# What this task involves:
The required output is the exact run of lines from the one bearing "Energielabel Schuilenburgerplein 1-A30" through the final line of the listing below, with the pictures removed.

*** Source data ***

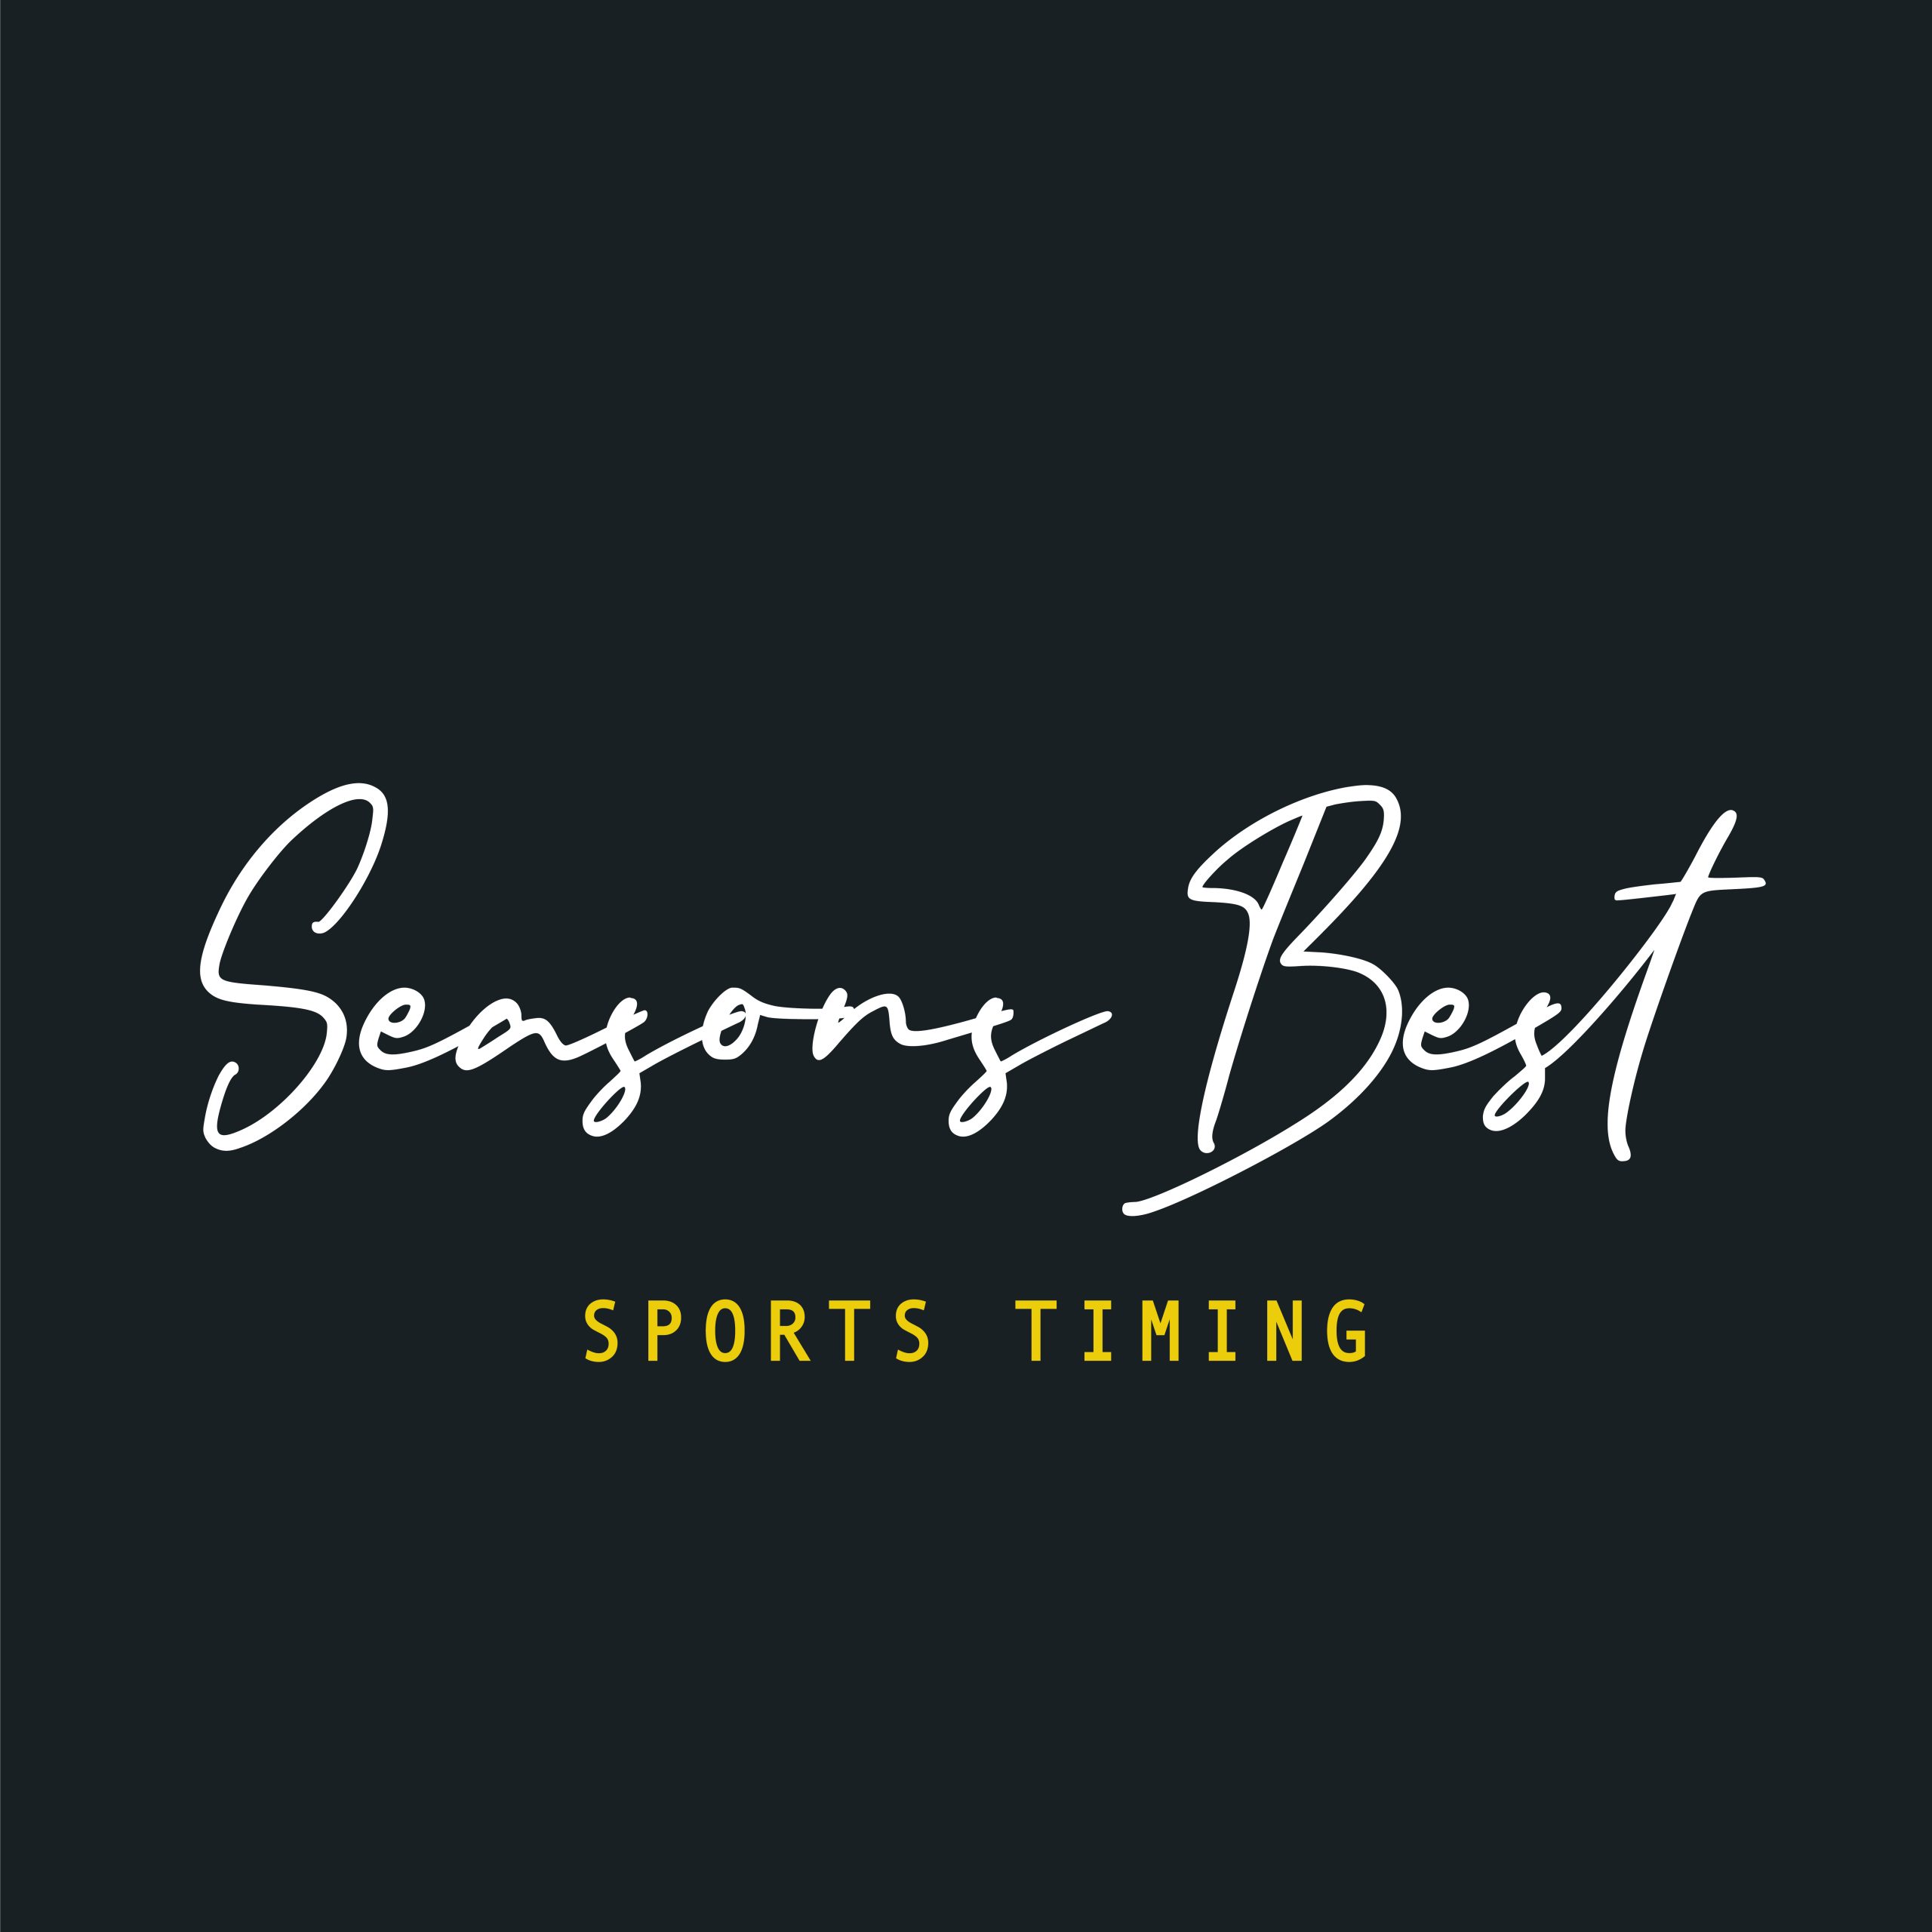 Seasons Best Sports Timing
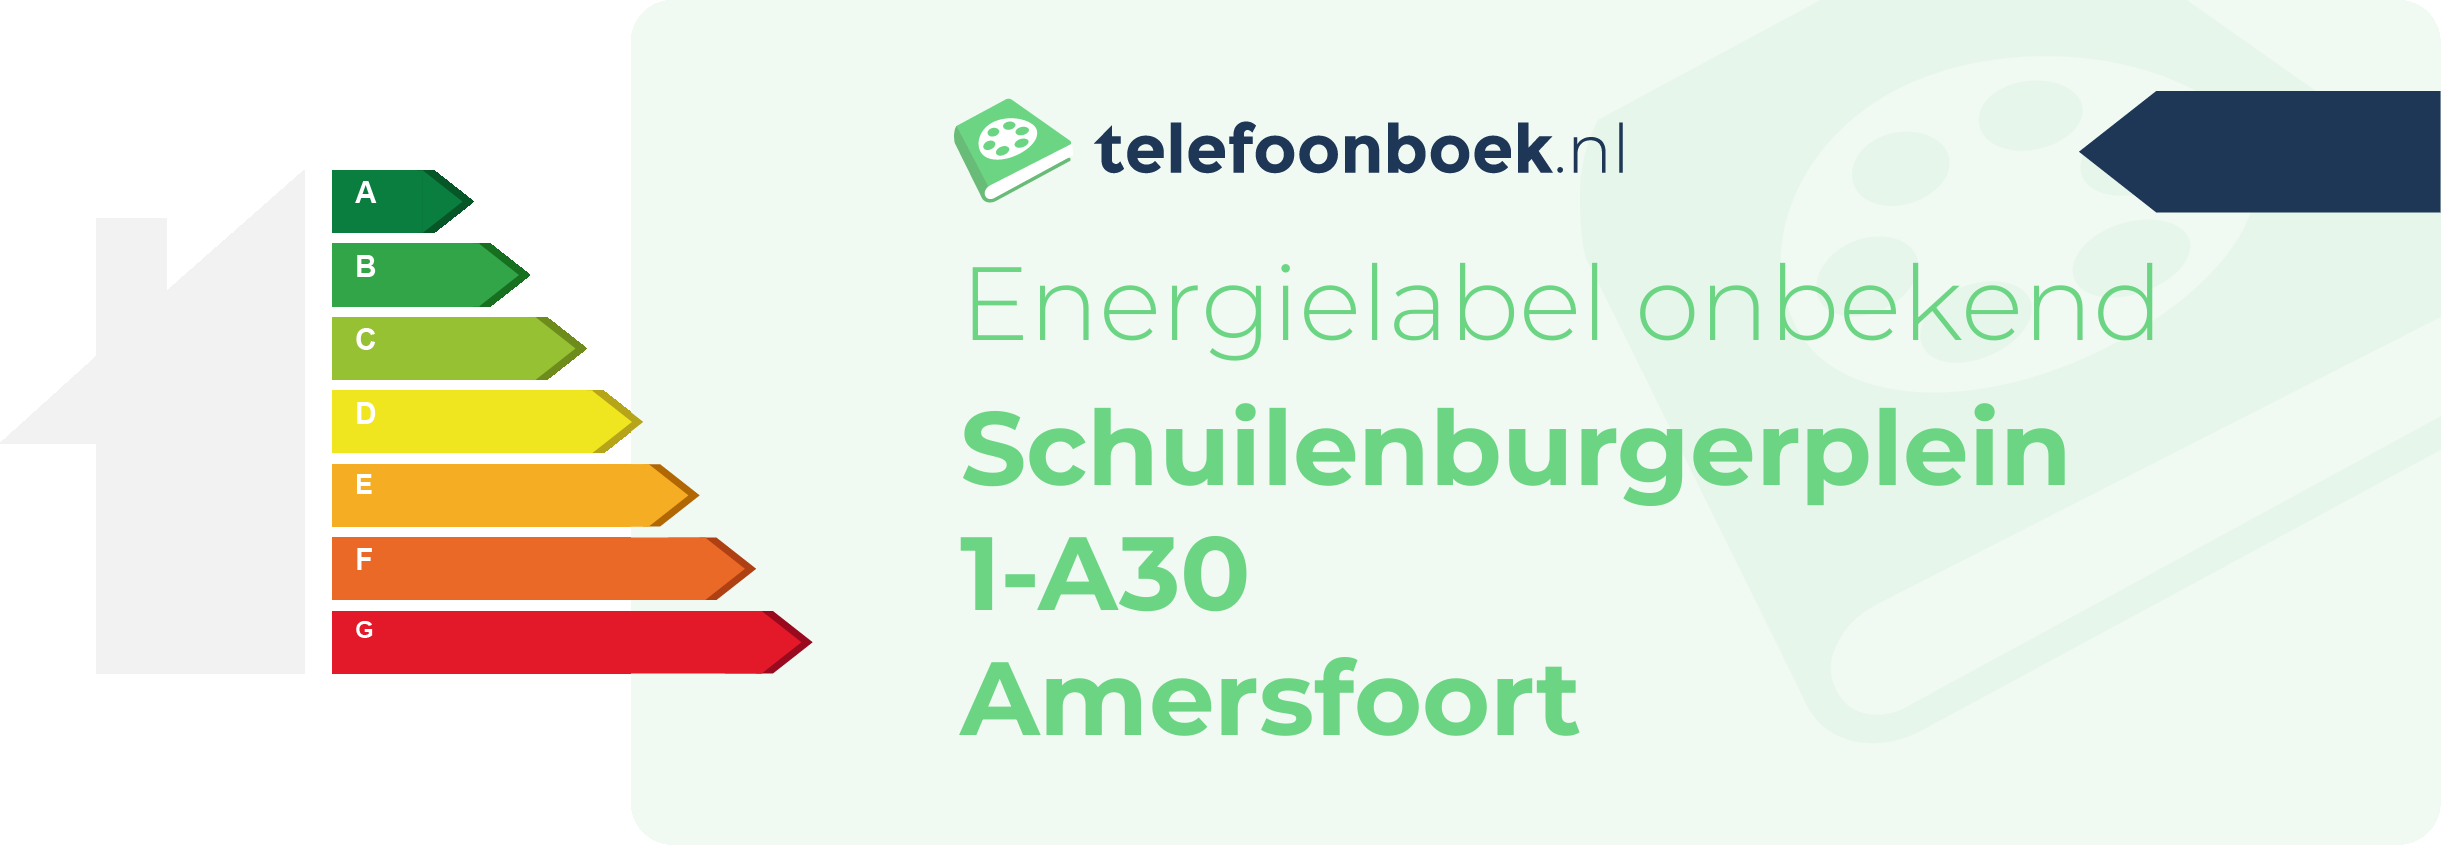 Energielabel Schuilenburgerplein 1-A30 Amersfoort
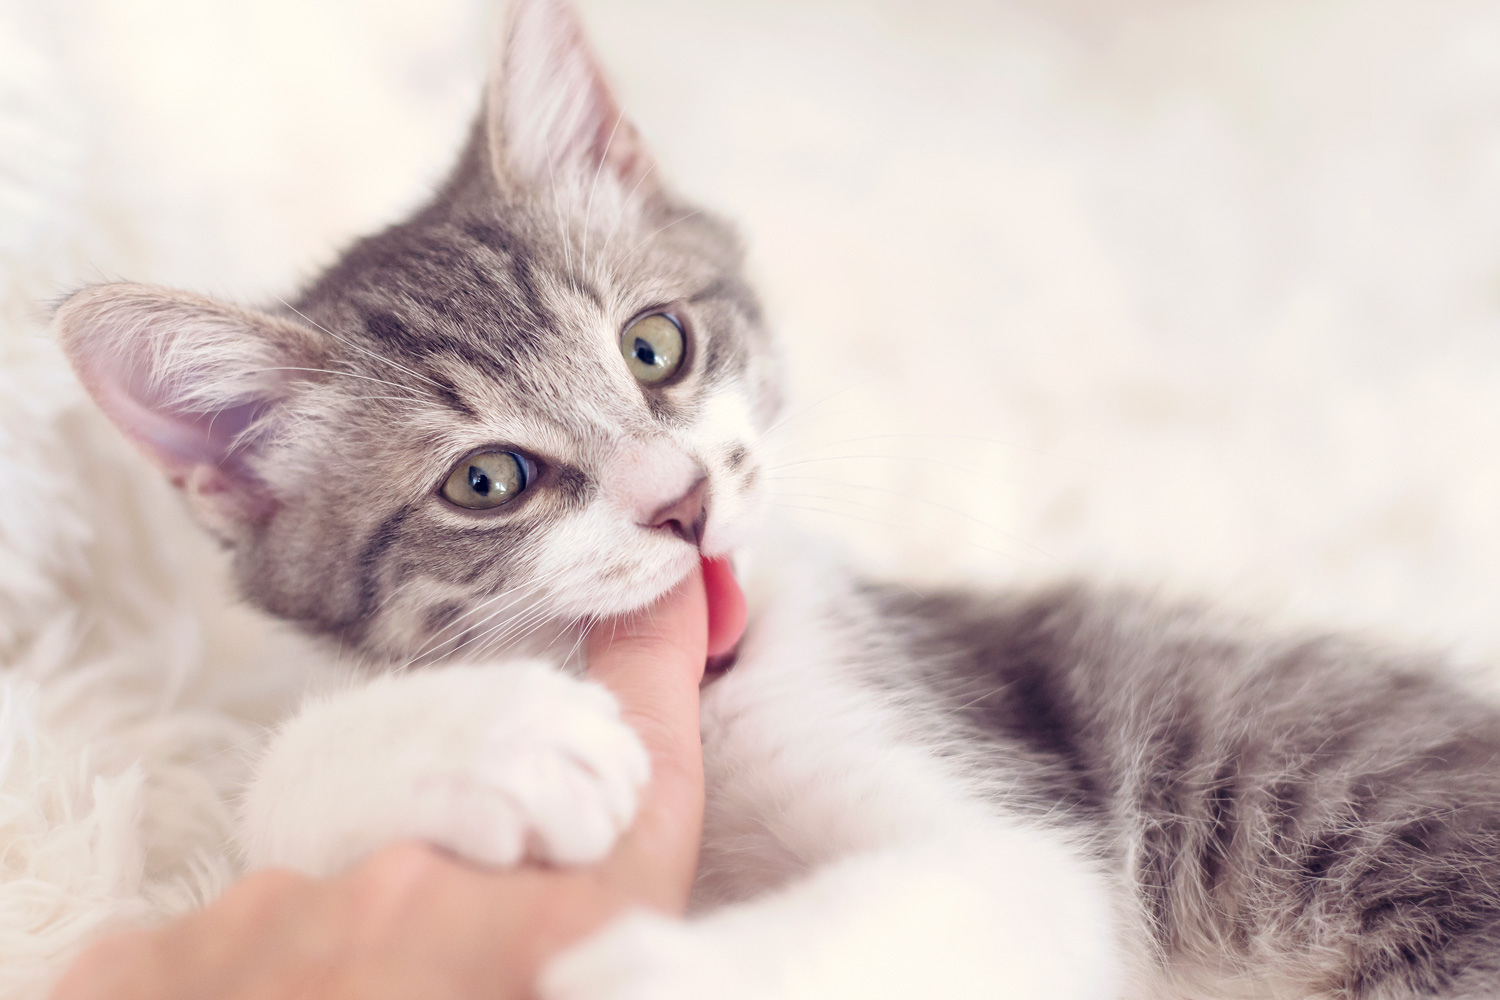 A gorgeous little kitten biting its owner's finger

*** End of Source data ***

# Written solution:
 Energielabel Schuilenburgerplein 1-A30 Amersfoort
 A gorgeous little kitten biting its owner's finger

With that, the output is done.